What you will do: Please copy out the full listing that follows exactly; no picture belongs in the copy.

Dataset extract:

_ _ _ _ _ _ _

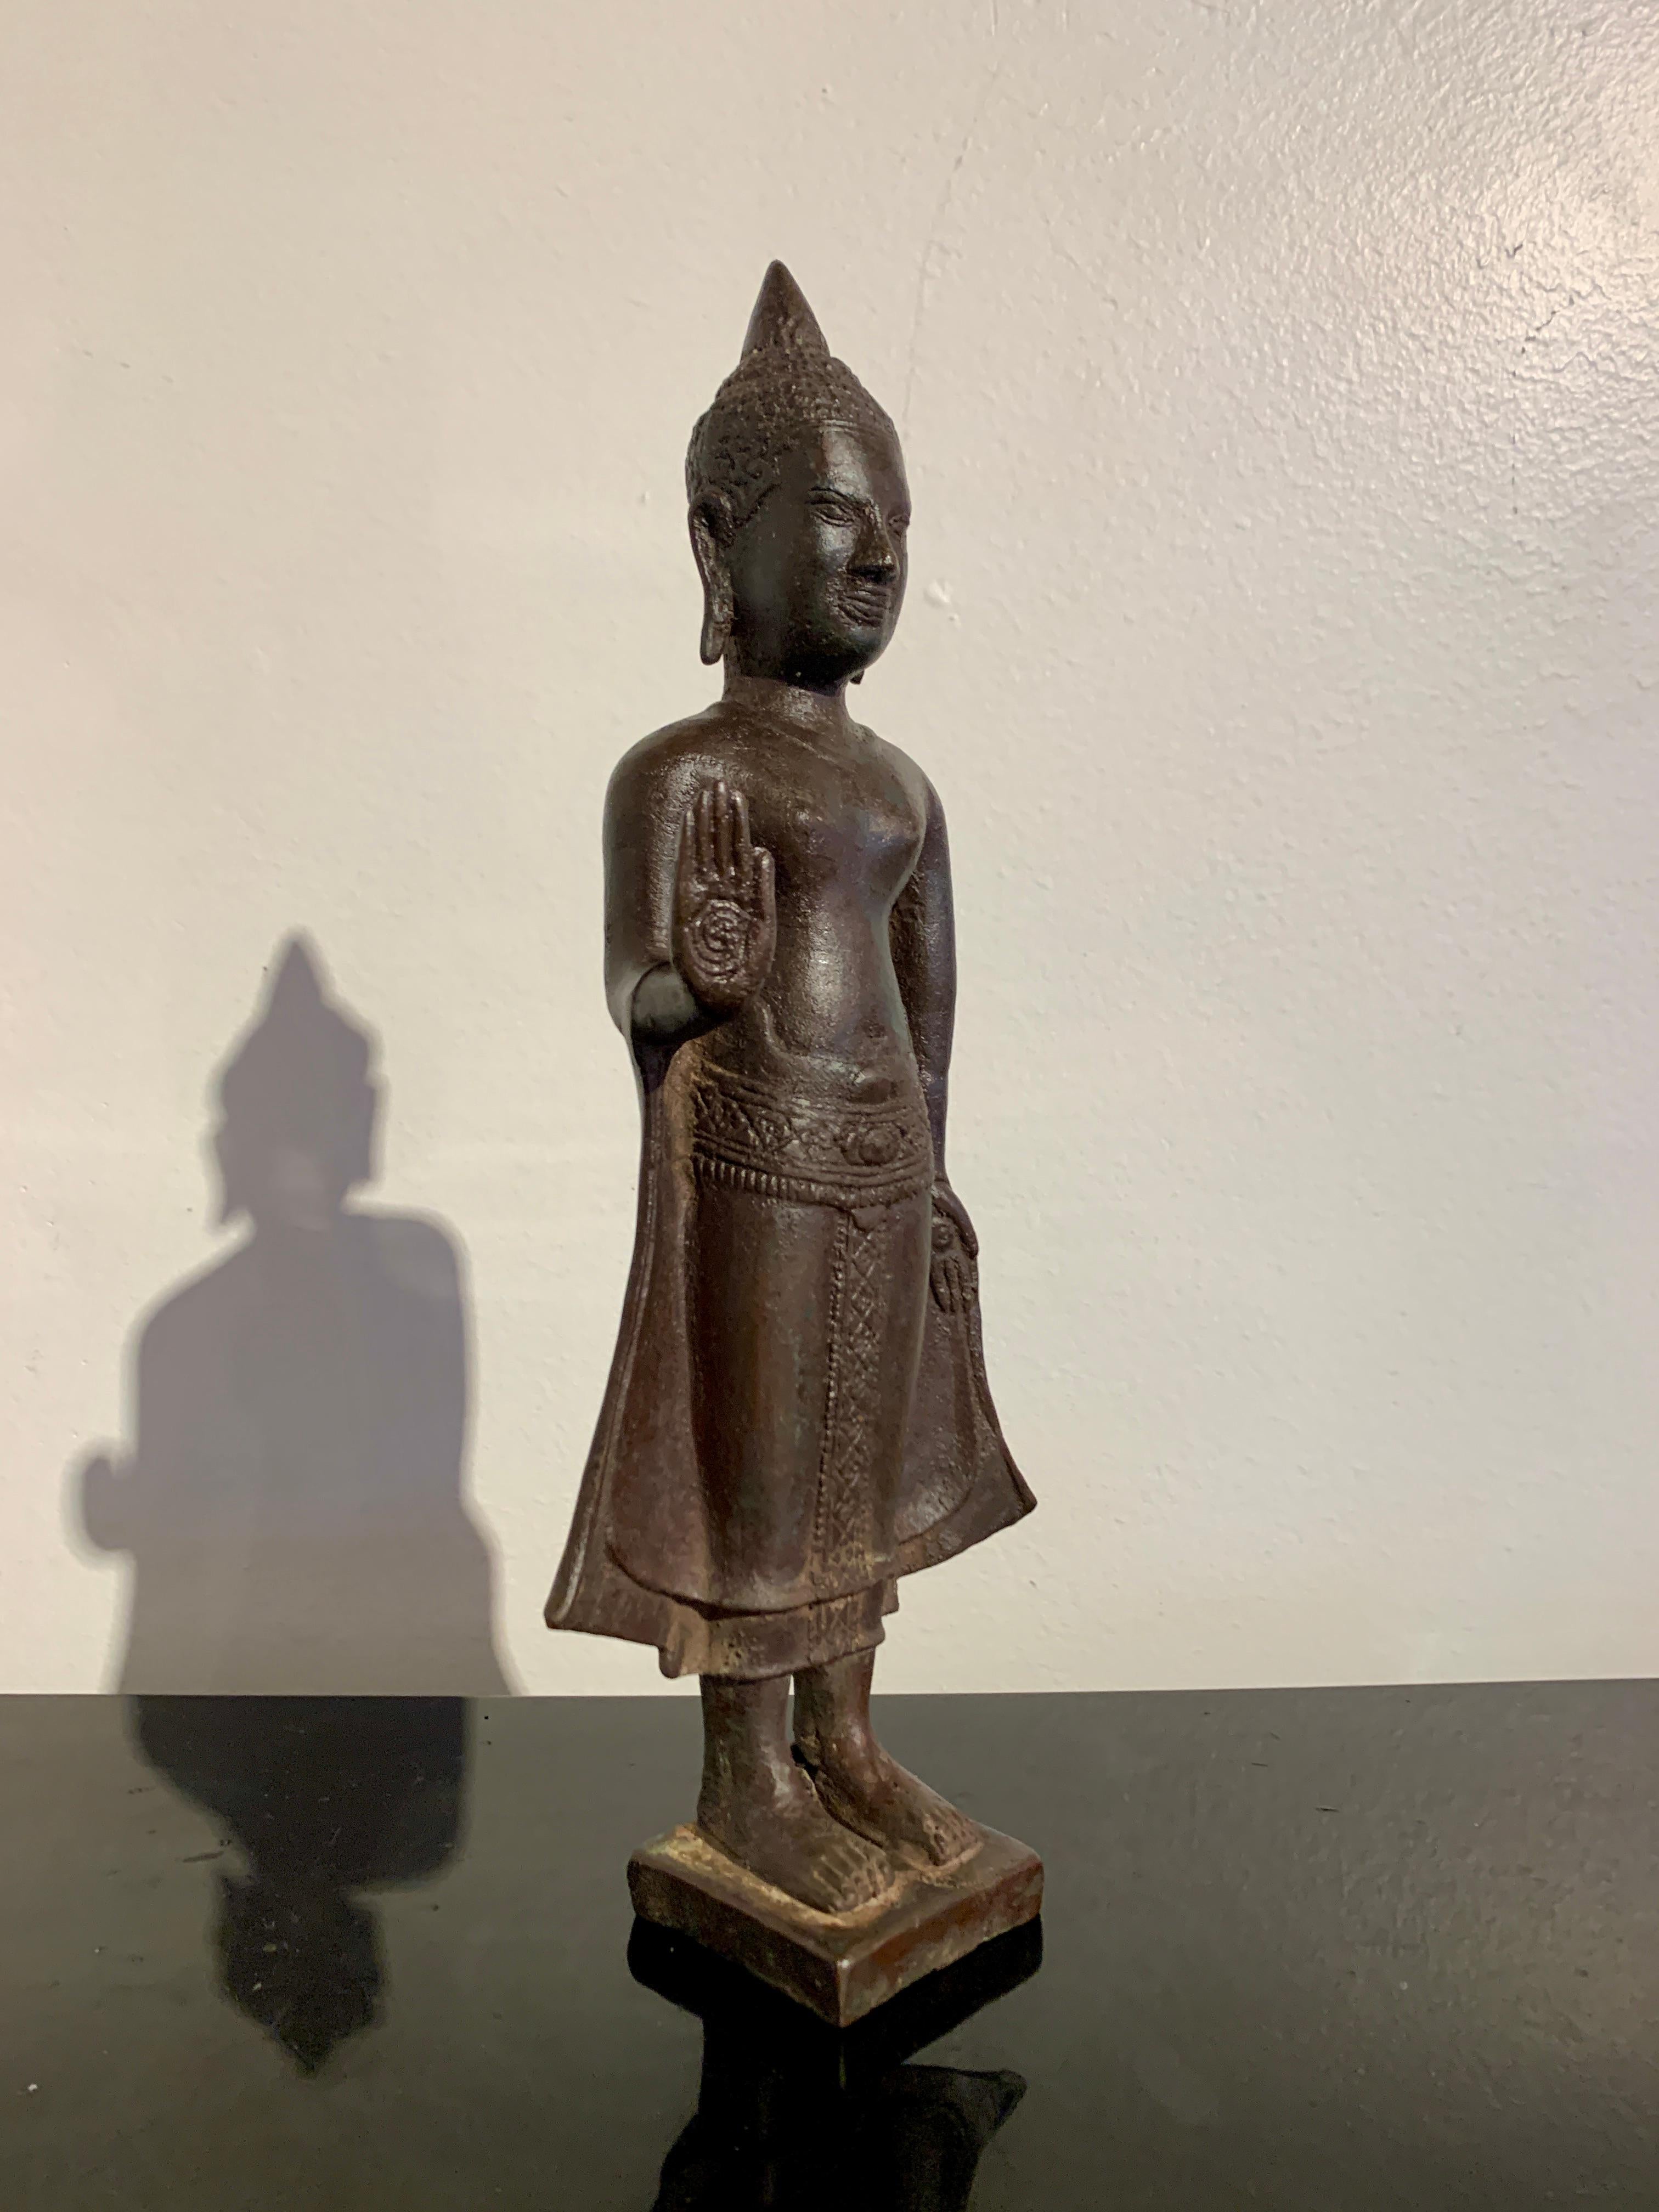 Une belle figure de style khmer vintage en bronze moulé et patiné d'un Bouddha debout, milieu du 20e siècle, Thaïlande ou Cambodge. 

Le Bouddha est représenté debout sur un socle carré, bas et uni. Il est vêtu d'un dhoti avec des ourlets décorés,
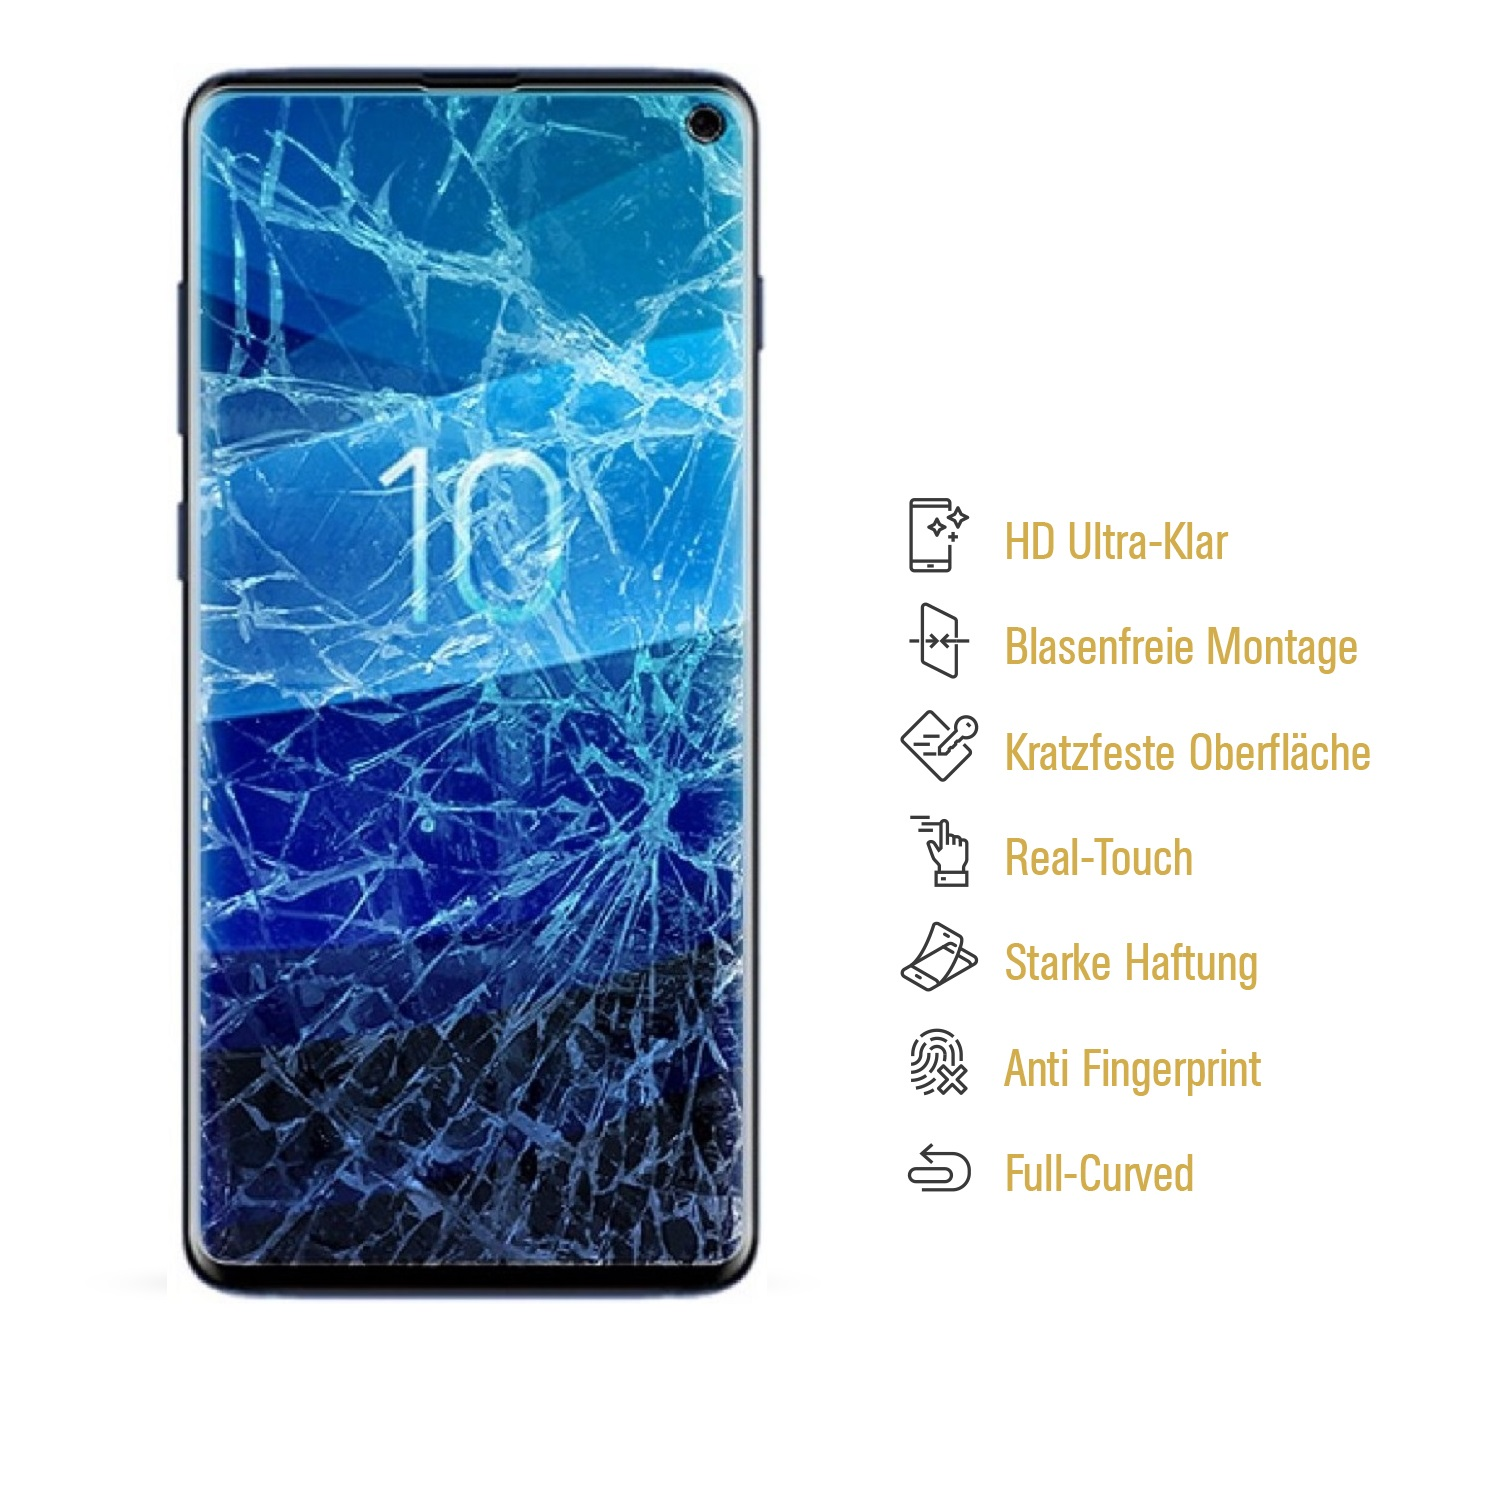 PROTECTORKING 4x Flexibles Nano-Glas ENTSPIEGELT Displayschutzfolie(für MATT Samsung Galaxy S10e)
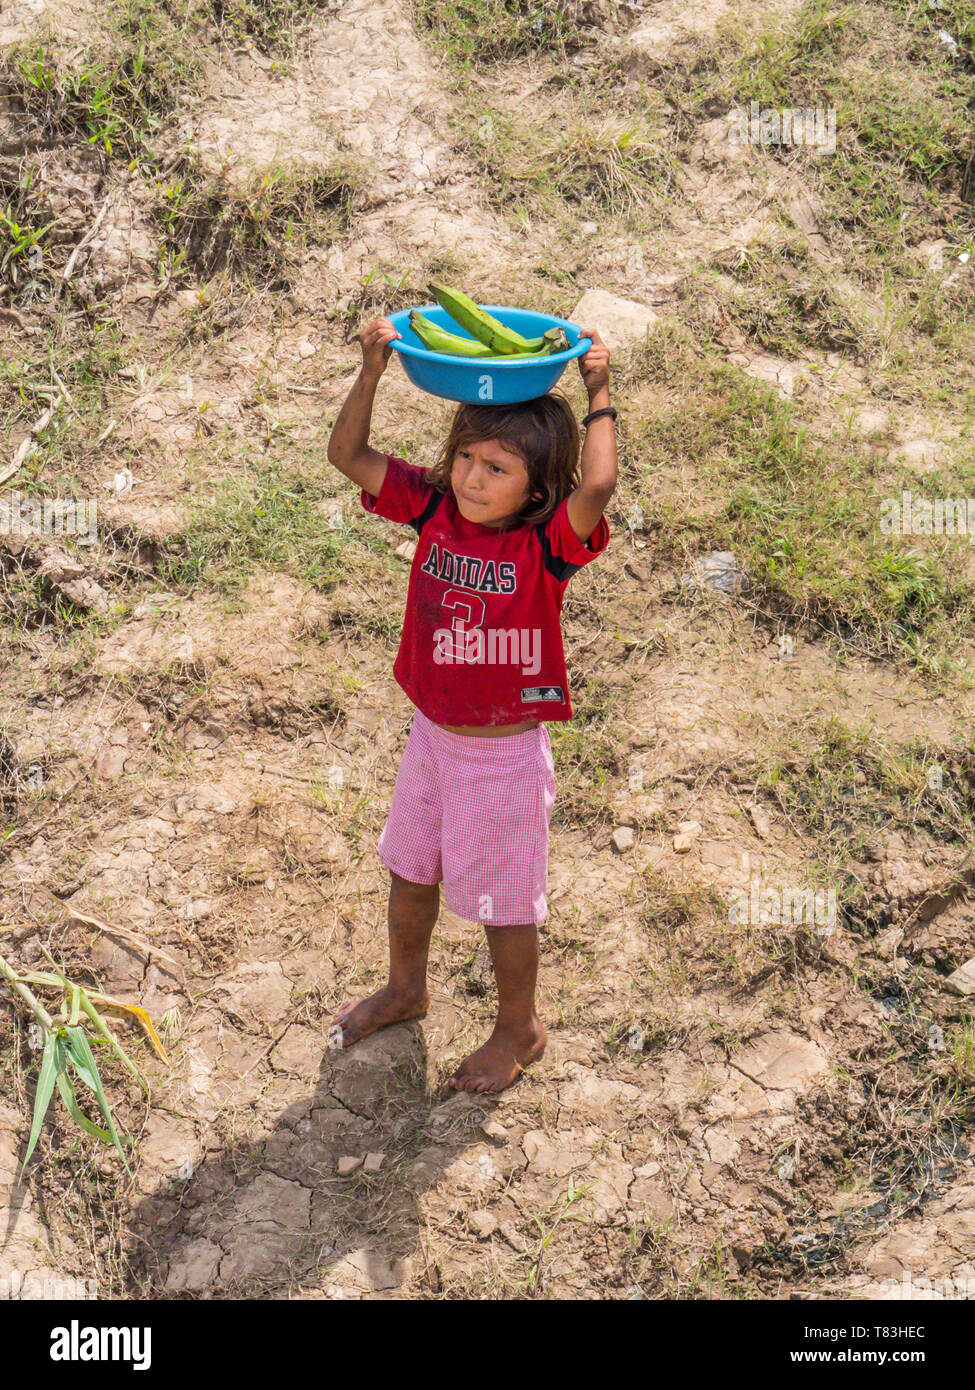 Kleines Dorf von Amazonas, Peru - Dec 03, Kinderarbeit. Mädchen Verkauf der Früchte am Ufer des Amazonas Stockfotografie - Alamy

_ _ _ _ _ _ _

Task output:
 Une belle figure de style khmer vintage en bronze moulé et patiné d'un Bouddha debout, milieu du 20e siècle, Thaïlande ou Cambodge. 

Le Bouddha est représenté debout sur un socle carré, bas et uni. Il est vêtu d'un dhoti avec des ourlets décorés,
 PROTECTORKING 4x Flexibles Nano-Glas ENTSPIEGELT Displayschutzfolie(für MATT Samsung Galaxy S10e)
 Kleines Dorf von Amazonas, Peru - Dec 03, Kinderarbeit. Mädchen Verkauf der Früchte am Ufer des Amazonas Stockfotografie - Alamy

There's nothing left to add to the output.